Returning to this case: Westmoreland presented no witnesses. He had no real defense. The decision might be read as supporting the idea that no strategy would have changed the outcome, and in that sense a holding of no prejudice might have been the preferred outcome. Compare, Conner v. McBride, 375 F3d 643 (7th Cir. 2004) (failure to seek lesser offense instruction was deficient, because “the trial court would have been legally obligated to so instruct the jury,” but was nonetheless non-prejudicial because the evidence was so overwhelming he would have been convicted as charged anyway). Remember, too, at least as a tangential aside, that the potentially thorny question of submitting a lesser offense option (who gets to choose, counsel or client?) wasn’t raised.

Deficient Performance -- Conceding Guilt
Deficient Performance -- Conceding Guilt on One of Multiple Counts
State v. Gary L. Gordon, 2003 WI 69, reversing 2002 WI App 53, 250 Wis. 2d 702, 641 N.W.2d 183
For Gordon: Steven P. Weiss, SPD, Madison Appellate
Issue/Holding:
¶24. The court of appeals held that the defense attorney's closing argument concession on the disorderly conduct while armed count was the functional equivalent of a guilty plea, improper if done without Gordon's consent, and conclusively presumed to be prejudicial. Gordon, 250 Wis. 2d 702, ¶25. We disagree. A guilty plea waives trial, cross-examination of witnesses, the right to testify and call witnesses in one's own defense, and the right to a unanimous jury verdict of guilt beyond a reasonable doubt. The concession in this case had none of these effects. Gordon had a jury trial, cross-examined the State's witnesses, testified in his own defense, and was adjudged guilty beyond a reasonable doubt by a unanimous jury.

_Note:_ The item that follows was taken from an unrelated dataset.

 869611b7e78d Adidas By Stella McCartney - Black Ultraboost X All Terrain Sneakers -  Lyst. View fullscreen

¶25. Gordon's own testimony conceded the facts constituting the disorderly conduct while armed count. In summary, he admitted the following: that he had been drinking and had been involved in a domestic dispute with Wilder; that when the police arrived, he armed himself with two knives to facilitate his escape; that he refused the officer's commands to drop the knives; that he fled the apartment while still armed with the knives and was pursued through the neighborhood by the two police officers; that when the officers caught up with him they twice commanded him to drop the knives; that he initially refused to do so; and that when he changed his mind and started to surrender the knives, the police shot him in the arm and the stomach.

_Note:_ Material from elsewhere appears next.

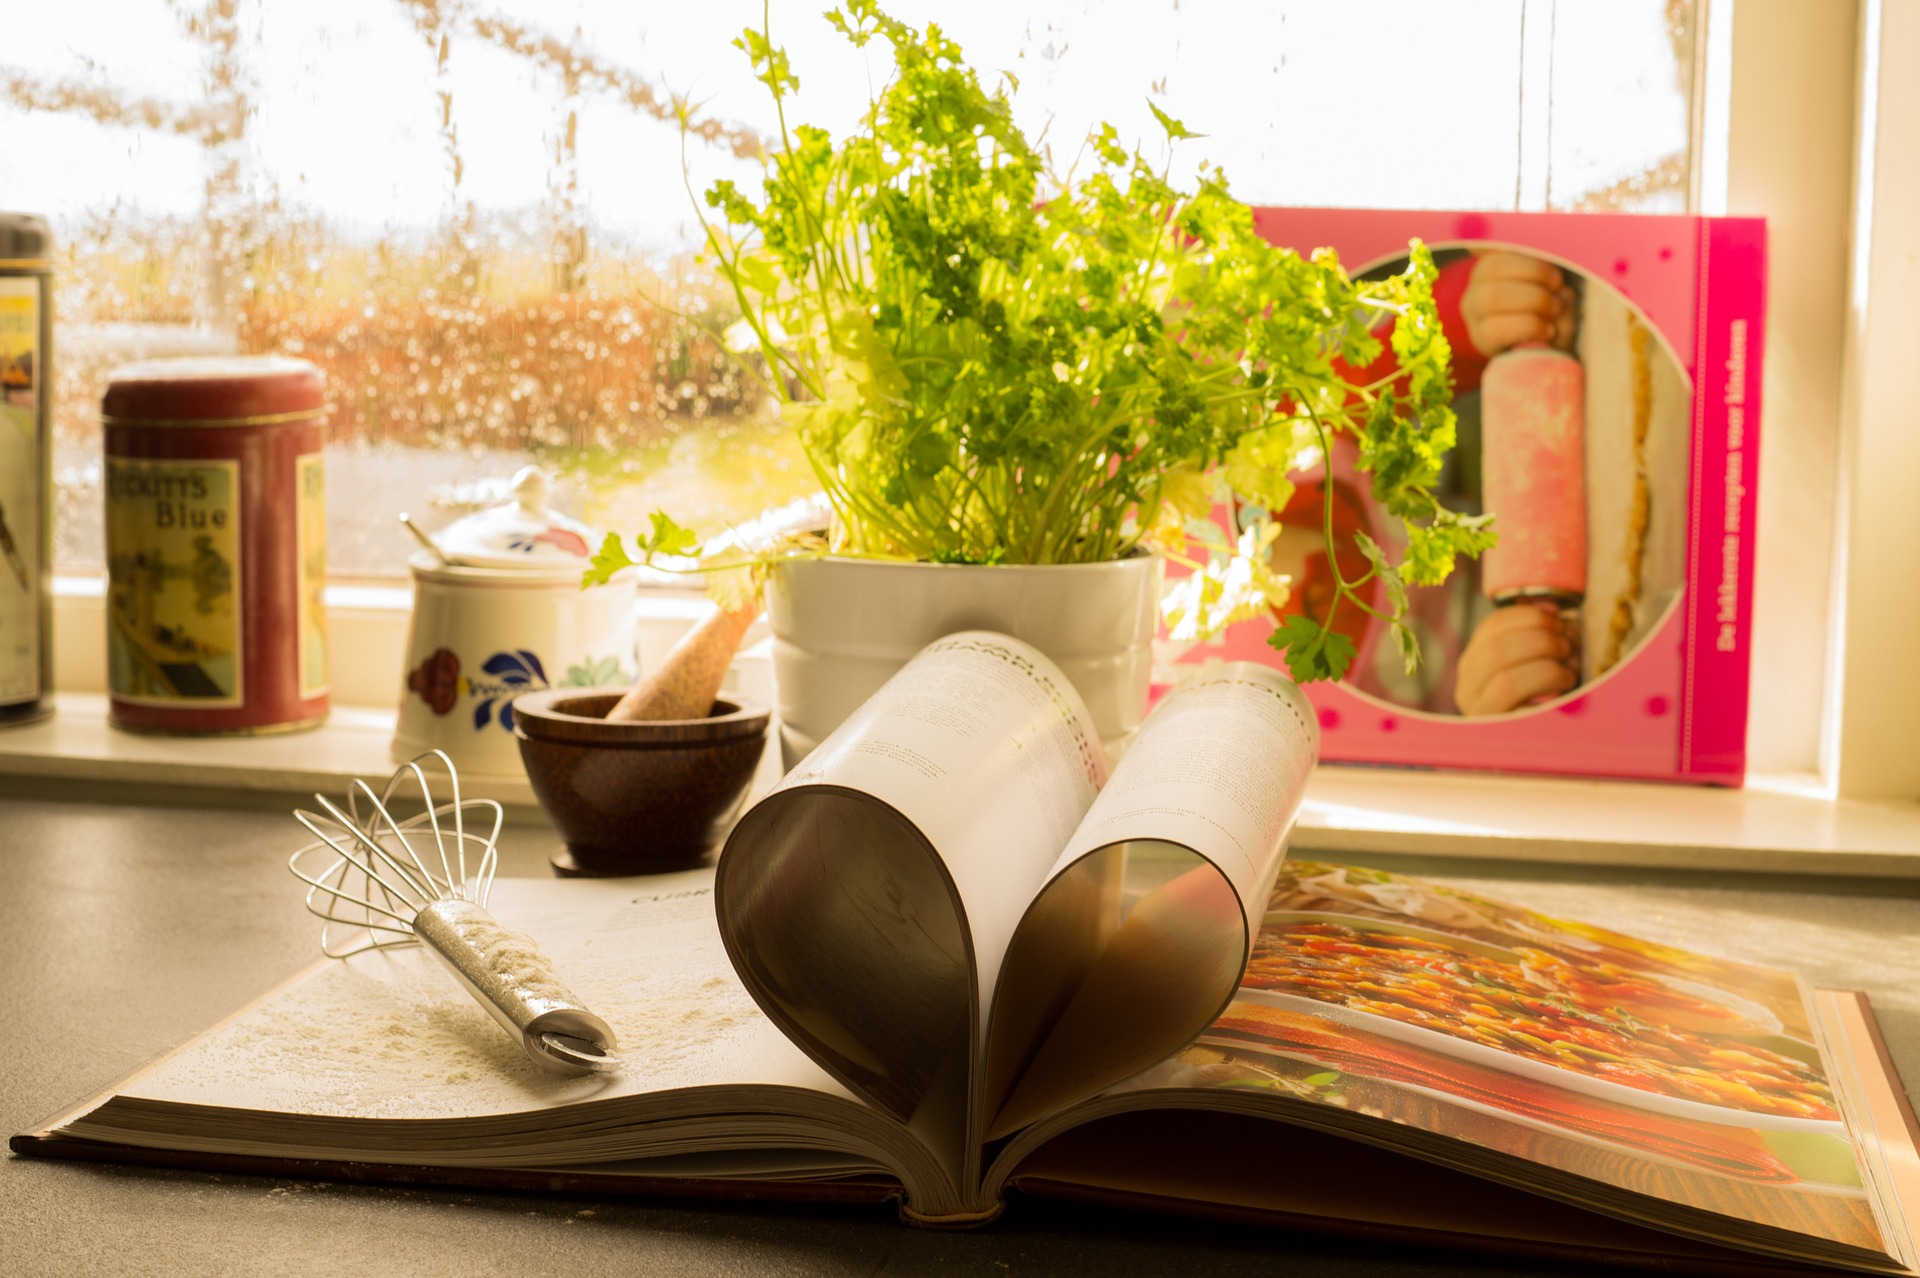 Cookbooks - Appliance City

¶26. Under these circumstances it was not deficient performance for Gordon's attorney to concede the overwhelming weight of the evidence on the misdemeanor disorderly conduct count and focus his closing argument on the more serious charges in the case, which, unlike the disorderly conduct count, remained contestable after Gordon's testimony. While conceding that the facts out of Gordon's own mouth amounted to disorderly conduct while armed, Gordon's attorney argued vigorously for acquittal on the more serious felony and misdemeanor counts. This was a reasonable tactical approach under the circumstances, plainly calculated to maintain credibility with the jury and enhance the prospects of acquittal on the two more serious charges. Gordon's attorney did not concede anything that Gordon had not admitted as a factual matter on the witness stand; the concession, therefore, did not conflict with Gordon's own testimonial admissions. Accordingly, the defense attorney's conduct in this regard did not fall below an objective standard of reasonableness, nor was it prejudicial.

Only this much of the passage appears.